--- Source data Enclosed Below ---
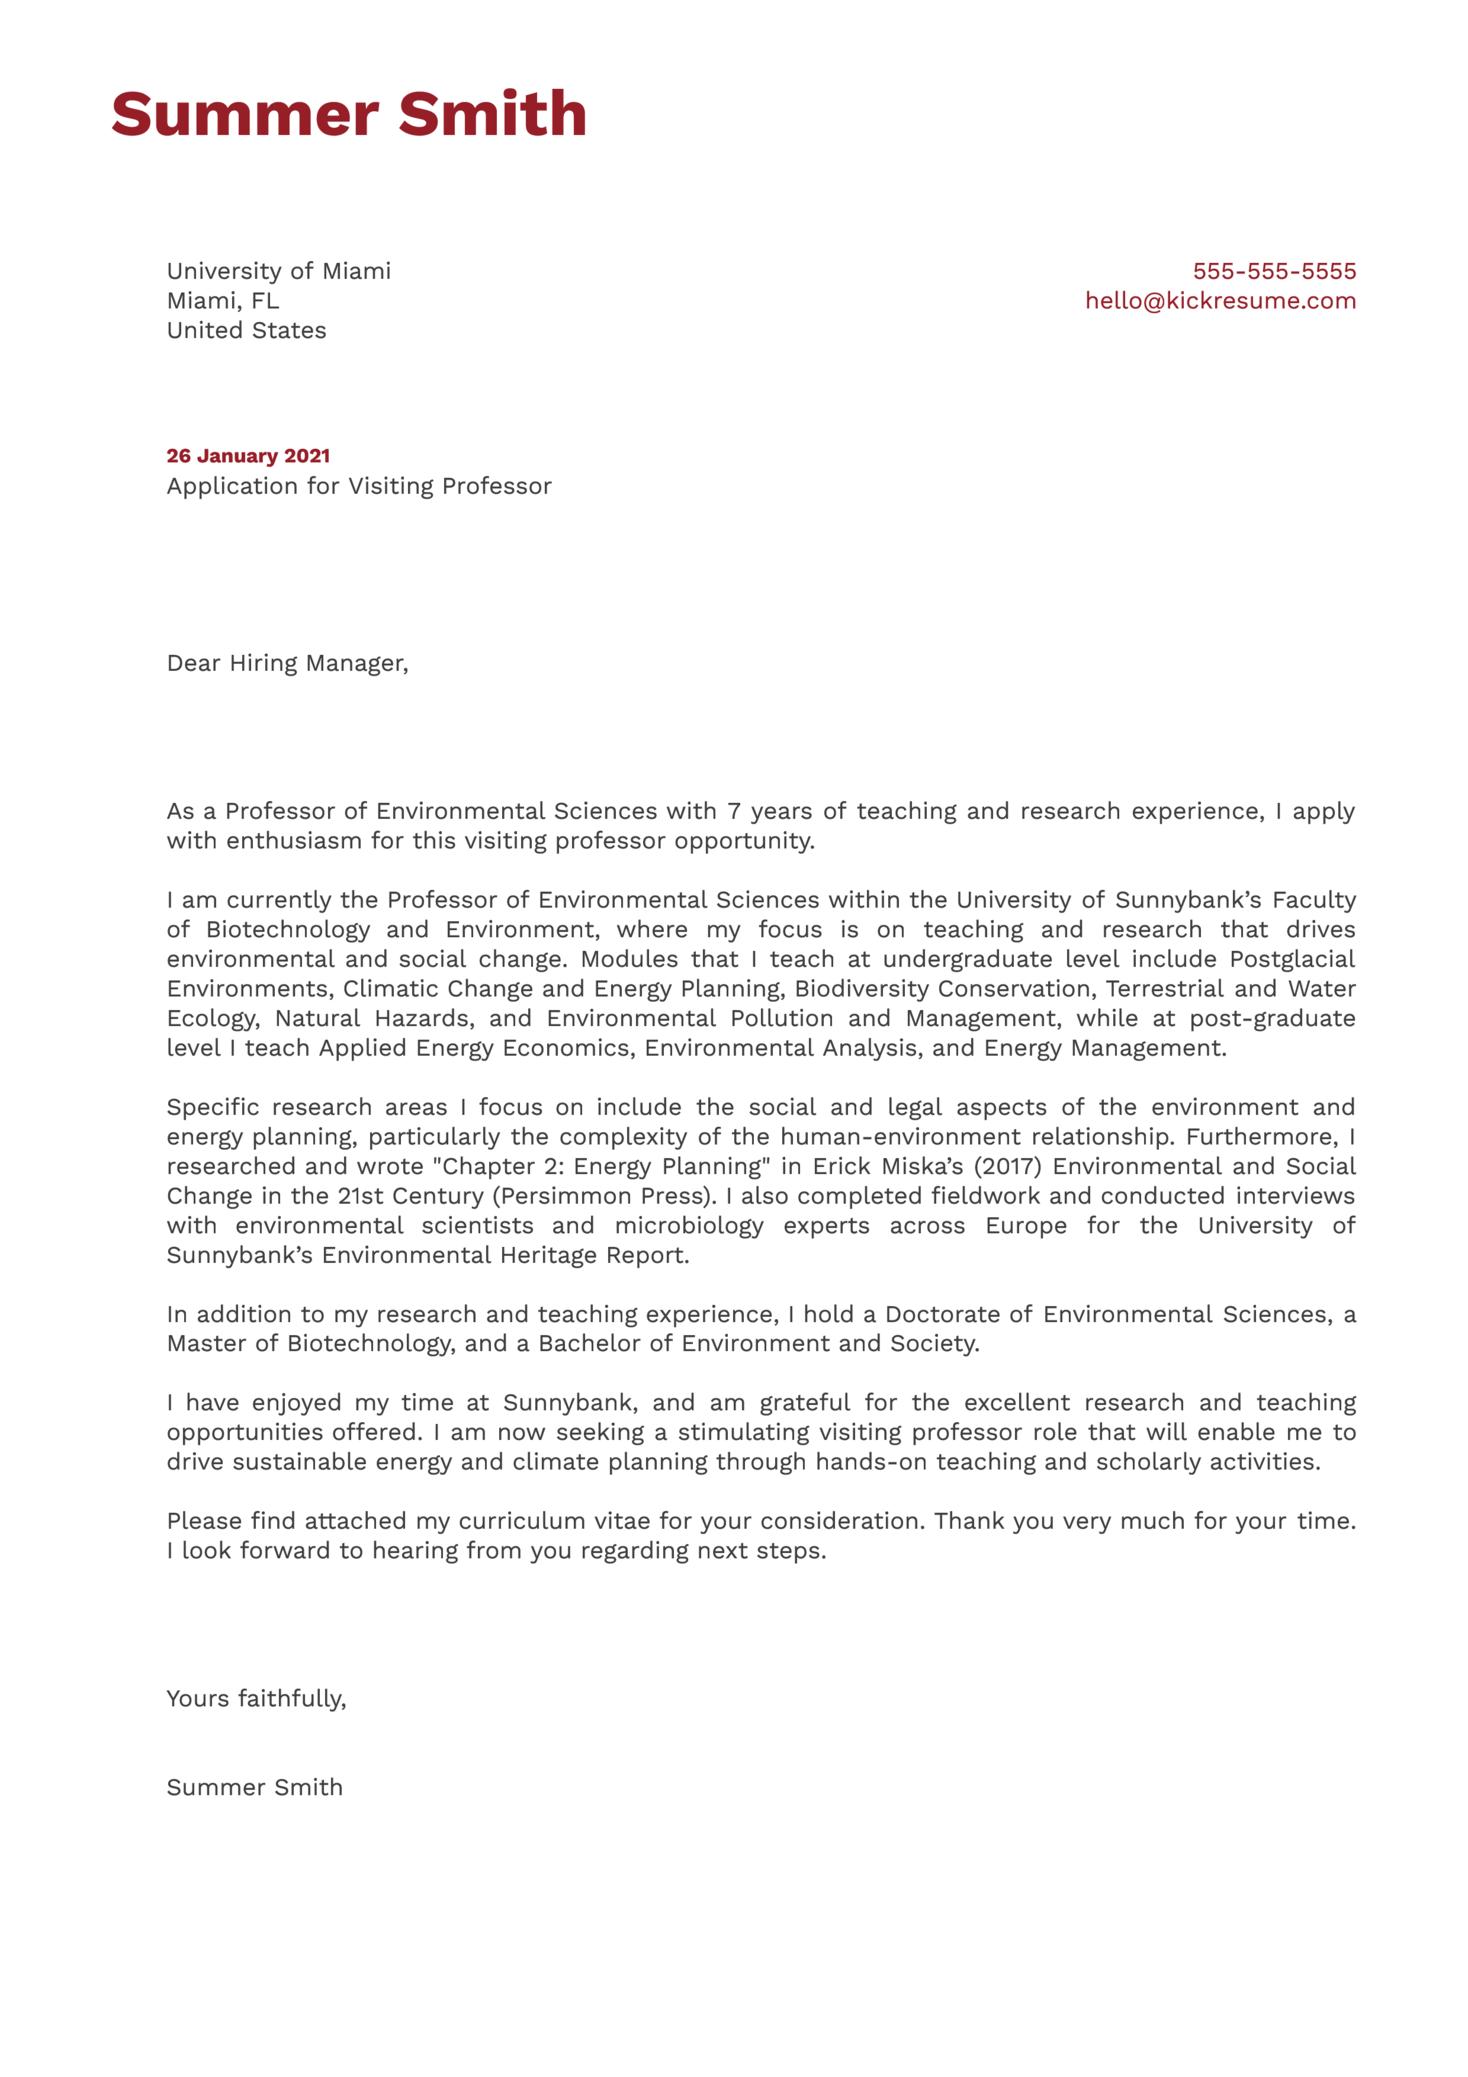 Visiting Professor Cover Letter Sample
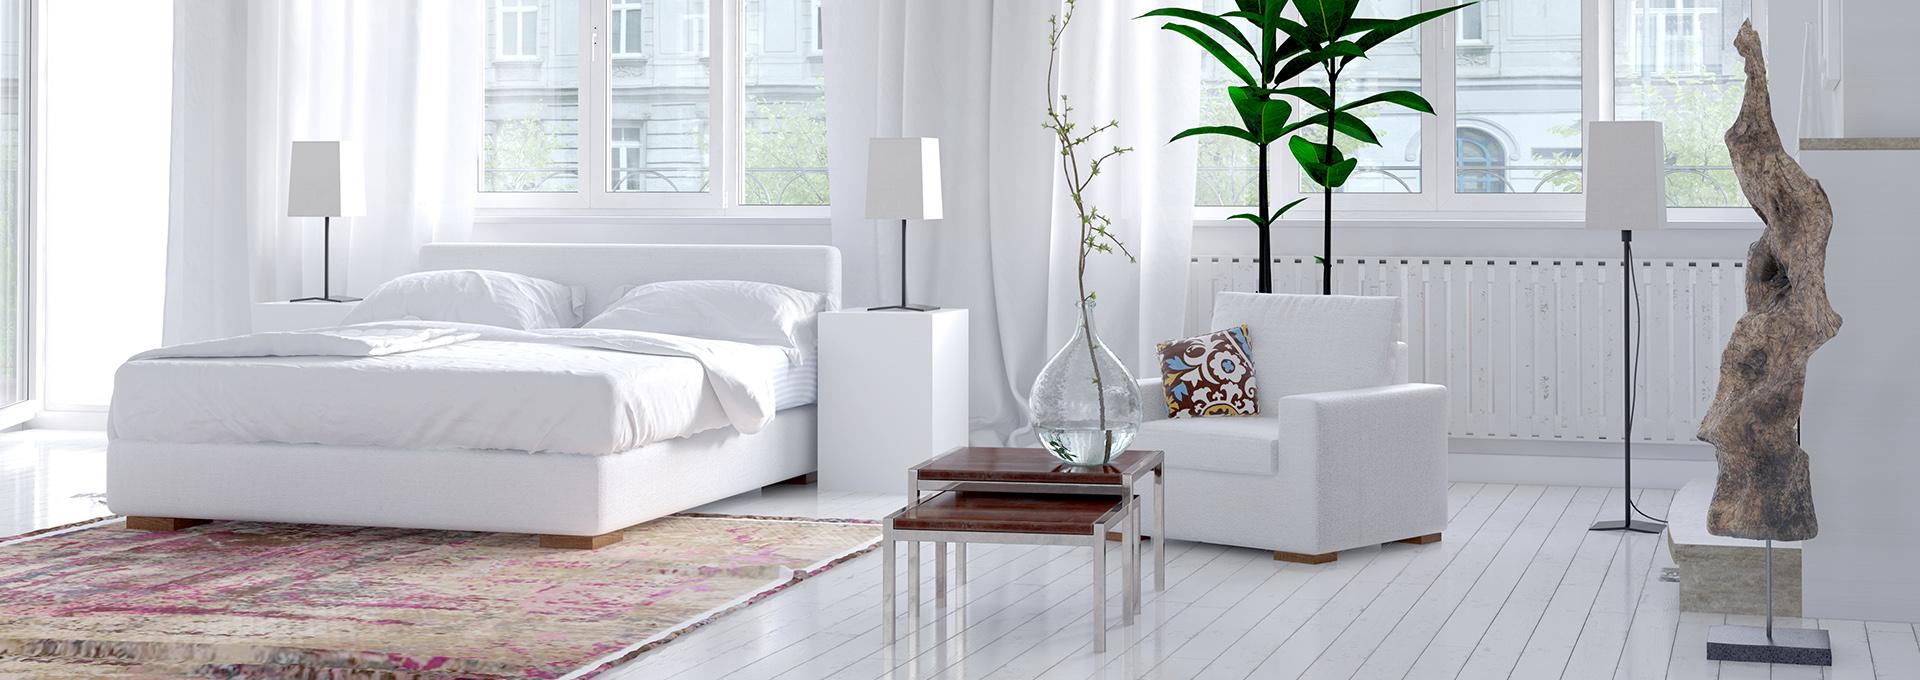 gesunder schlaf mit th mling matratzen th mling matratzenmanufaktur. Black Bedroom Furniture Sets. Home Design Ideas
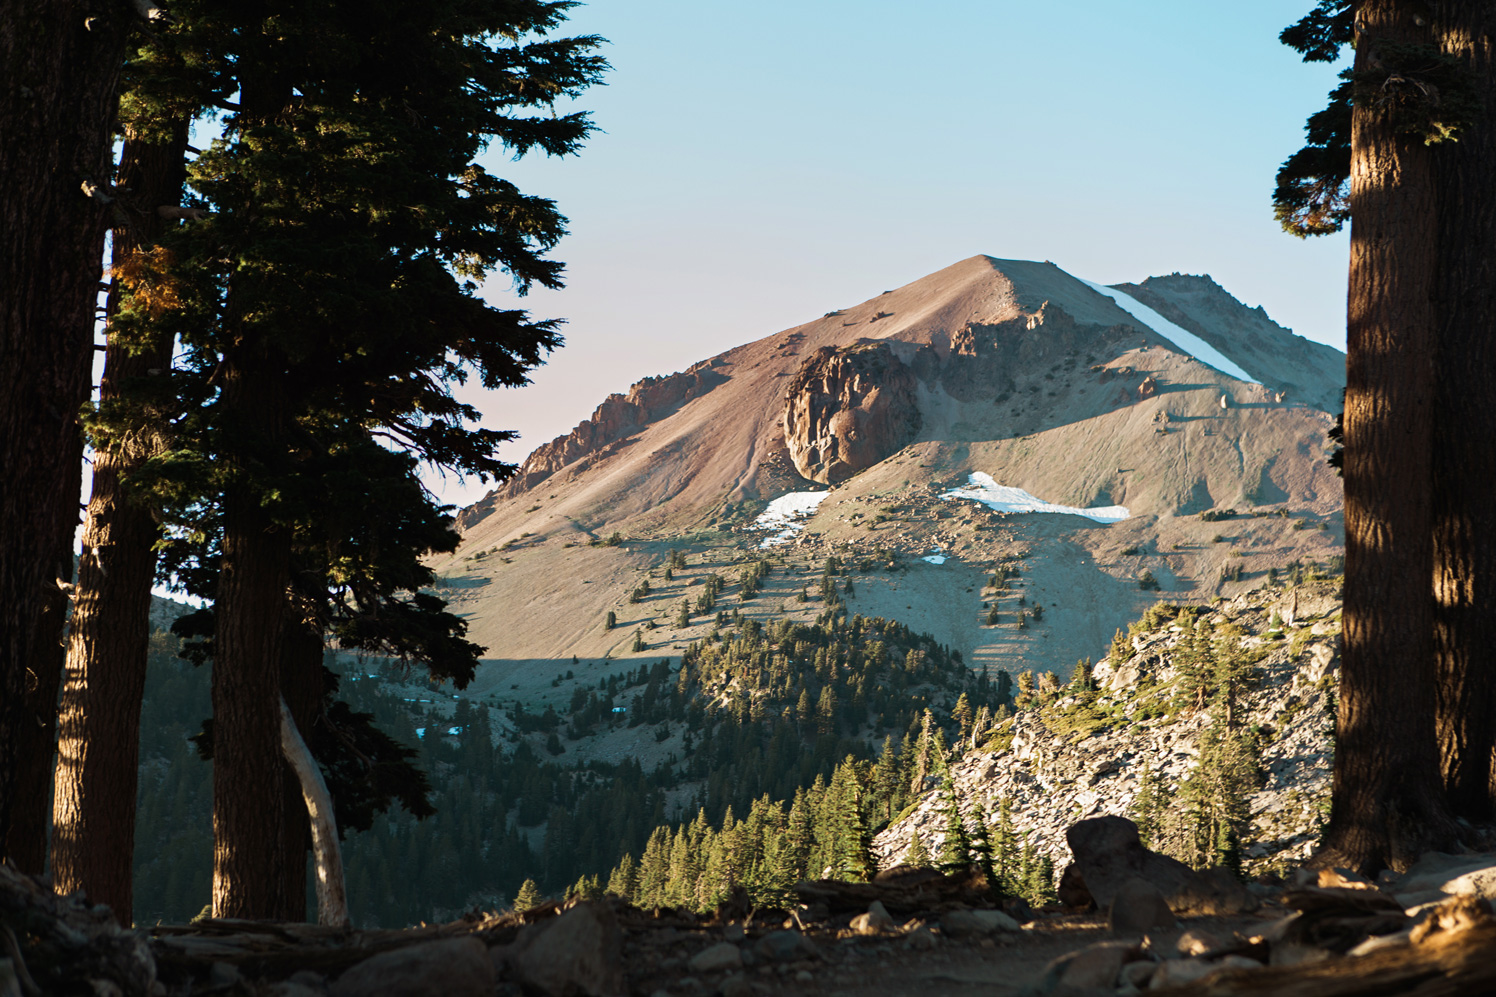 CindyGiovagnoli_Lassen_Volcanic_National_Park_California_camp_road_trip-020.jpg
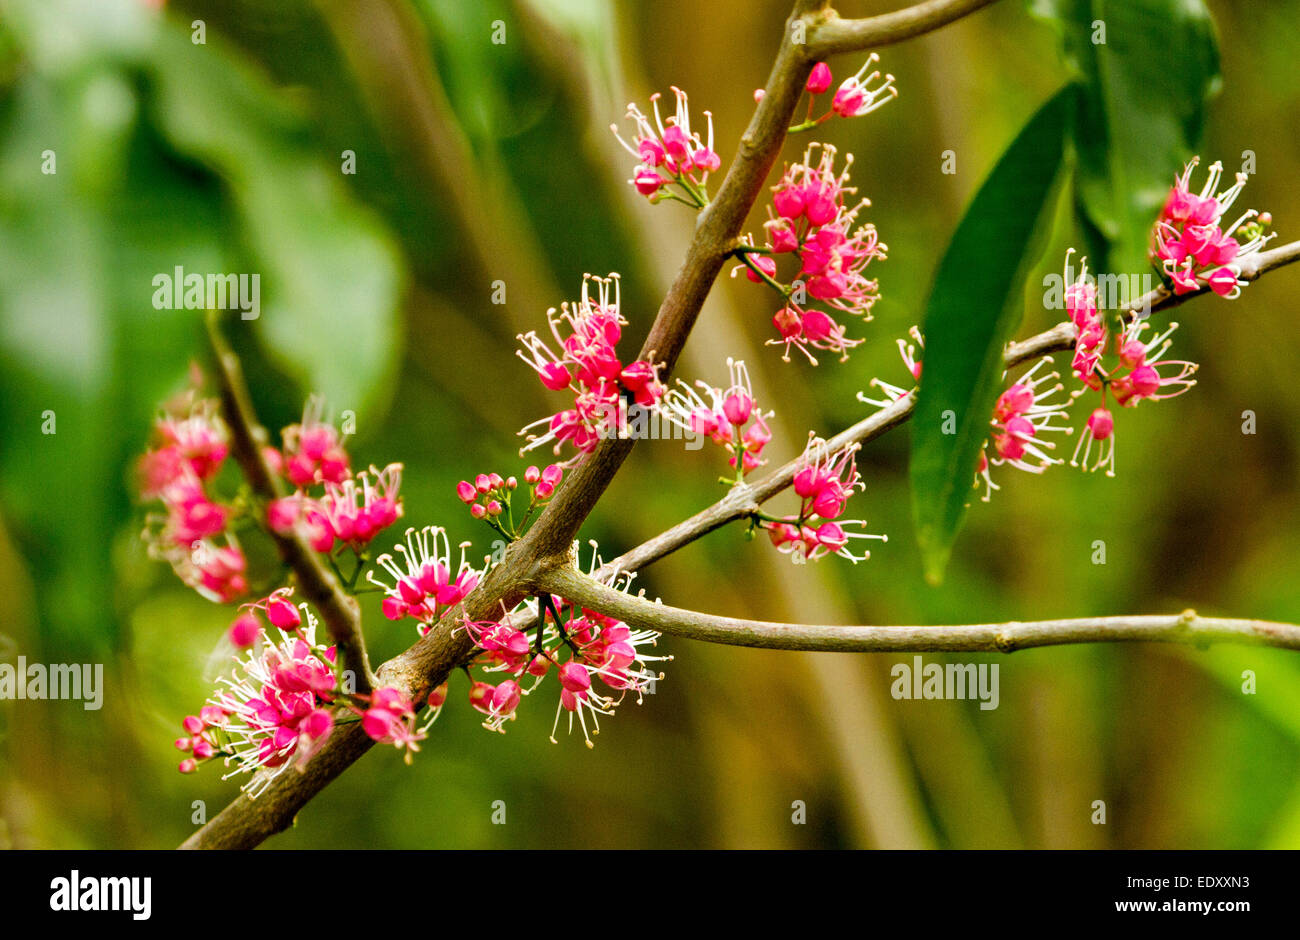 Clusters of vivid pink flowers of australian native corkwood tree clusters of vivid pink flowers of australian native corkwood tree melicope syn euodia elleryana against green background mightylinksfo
--- End of Enclosed Source data ---
**Assignment**
When you repeat the data, keep every line exact and drop the images.

**Output for this task**
 Visiting Professor Cover Letter Sample
 gesunder schlaf mit th mling matratzen th mling matratzenmanufaktur. Black Bedroom Furniture Sets. Home Design Ideas
 CindyGiovagnoli_Lassen_Volcanic_National_Park_California_camp_road_trip-020.jpg
 Clusters of vivid pink flowers of australian native corkwood tree clusters of vivid pink flowers of australian native corkwood tree melicope syn euodia elleryana against green background mightylinksfo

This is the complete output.